A relação que a evolução do conceito de parque estabelece com a noção de montado pode também ser aqui referida. O montado é um sistema agro-silvo-pastoril que se formaliza

numa mata esparsa, com um revestimento herbáceo cultivado como pastagem e onde a vegetação arbustiva é rara ou inexistente. Como explica Montero (1998), dehesa é o castelhano para montado, sendo que a sua origem etimológica se relaciona com defesa, um sistema antigo de pastagem, em território protegido, reservado à criação de gado doméstico de utilização para a lavoura. Sobre a origem deste sistema, o mesmo autor, escreve que é possível documentar a sua existência durante a Idade Média, para o que a transumância dos Mesta3 muito contribuiu. O espaço reservado, murado ou vedado e com um objetivos de reserva ou parque de um recurso, que se conseguiu sintetizar a partir das definições mais primárias do vocábulo parque, nesta medida encontra paralelo com o objetivo associado ao próprio sistema de montado, que assume de forma evidente no castelhano a defesa de um recurso.
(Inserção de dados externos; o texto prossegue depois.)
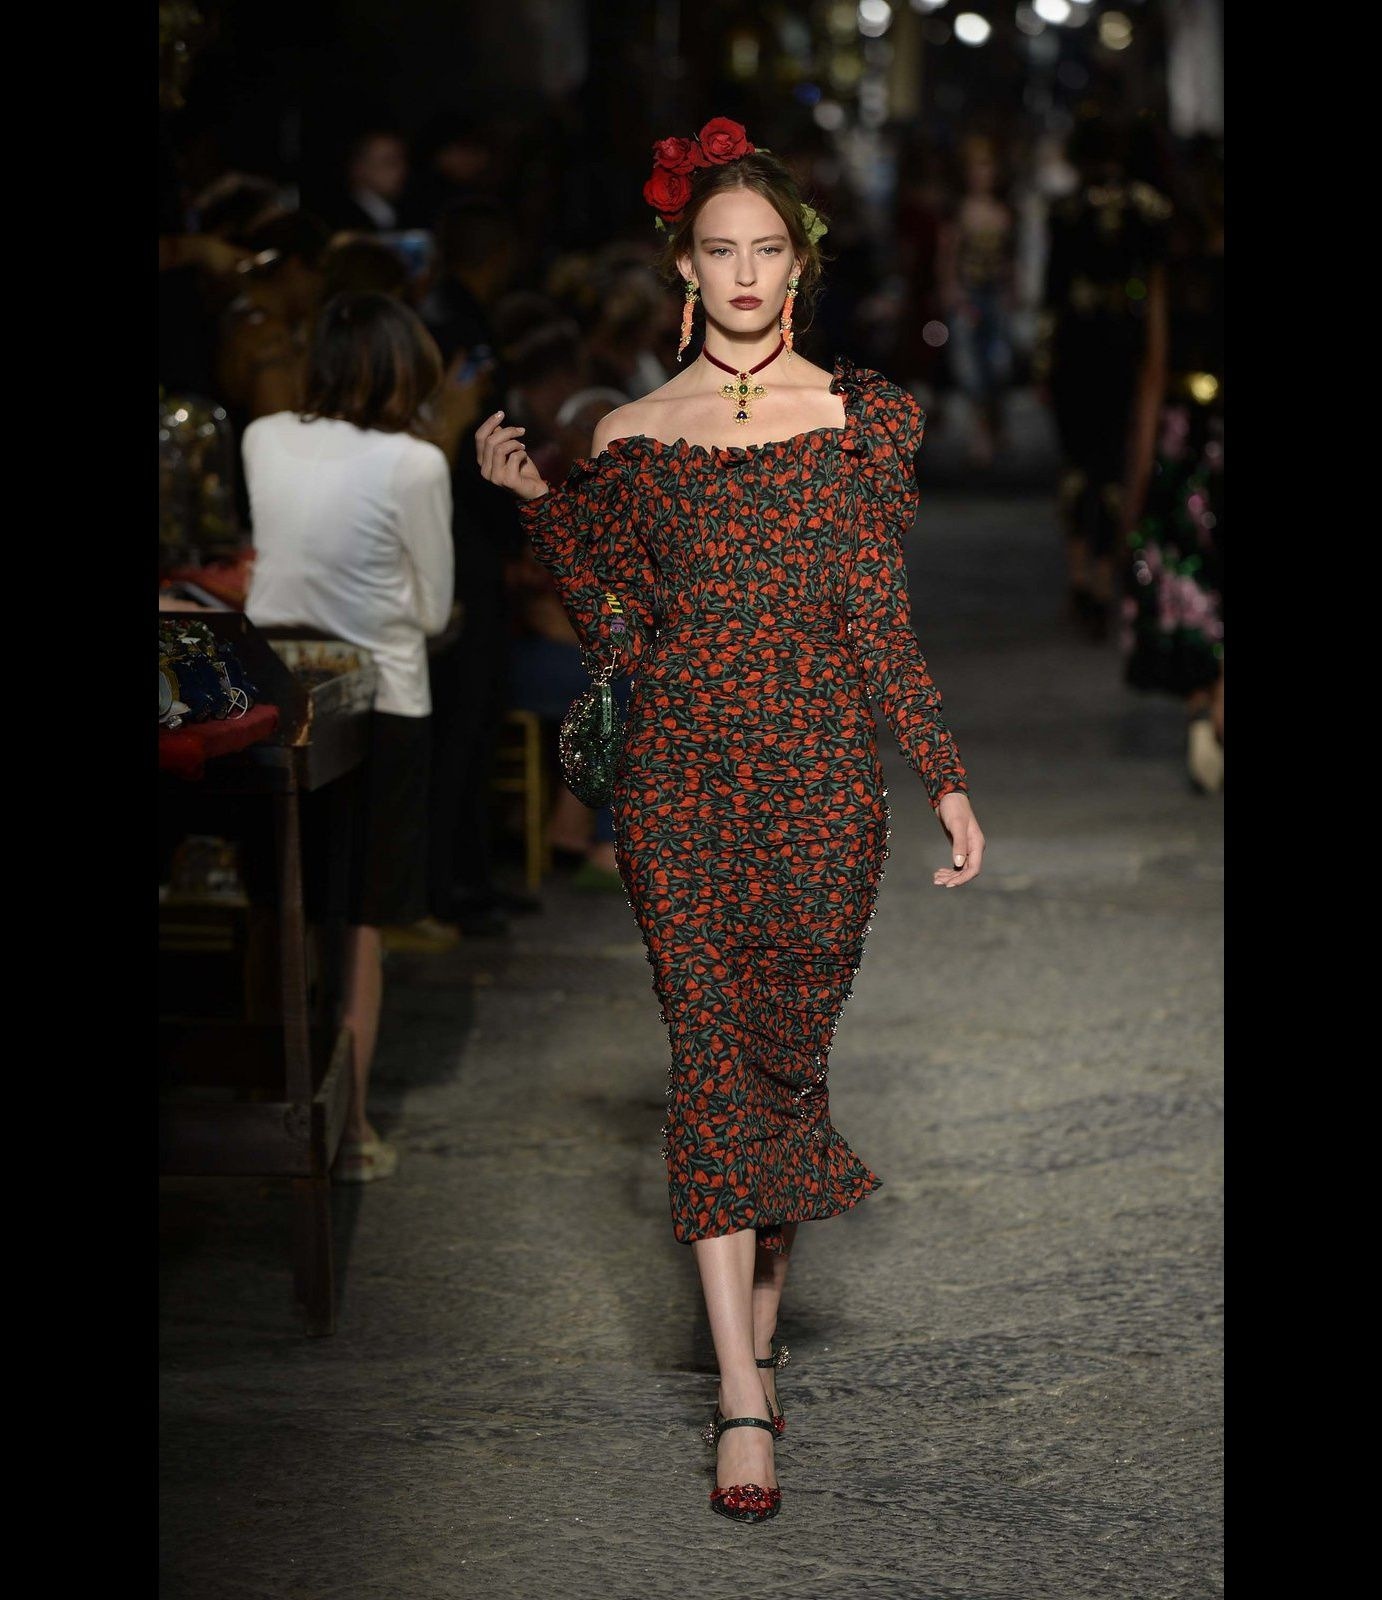 Dolce & Gabbana Alta Moda - Monica Bellucci / Penelope Cruz / Helen Mirren / Diane Kruger / Nicole Kidman / Amy Adams / Jessica Chastain

Independentemente da origem primitiva do vocábulo parque, é certo, da leitura dos dicionários etimológicos e das definições mais primárias do conceito de parque (Figura 8), que este aponta para uma ideia de extensão e reserva ou cercado, onde a ideia do parque verde para ocupação recreativa parece dominar, mas onde as utilidades agrária e cinegética também são invocadas. Por vezes esta ideia de parque parece associada à sua origem na propriedade privada de grandes dimensões, como de resto será bem explicitado à frente neste capítulo, com o surgimento do modelo do parque paisagista em Inglaterra.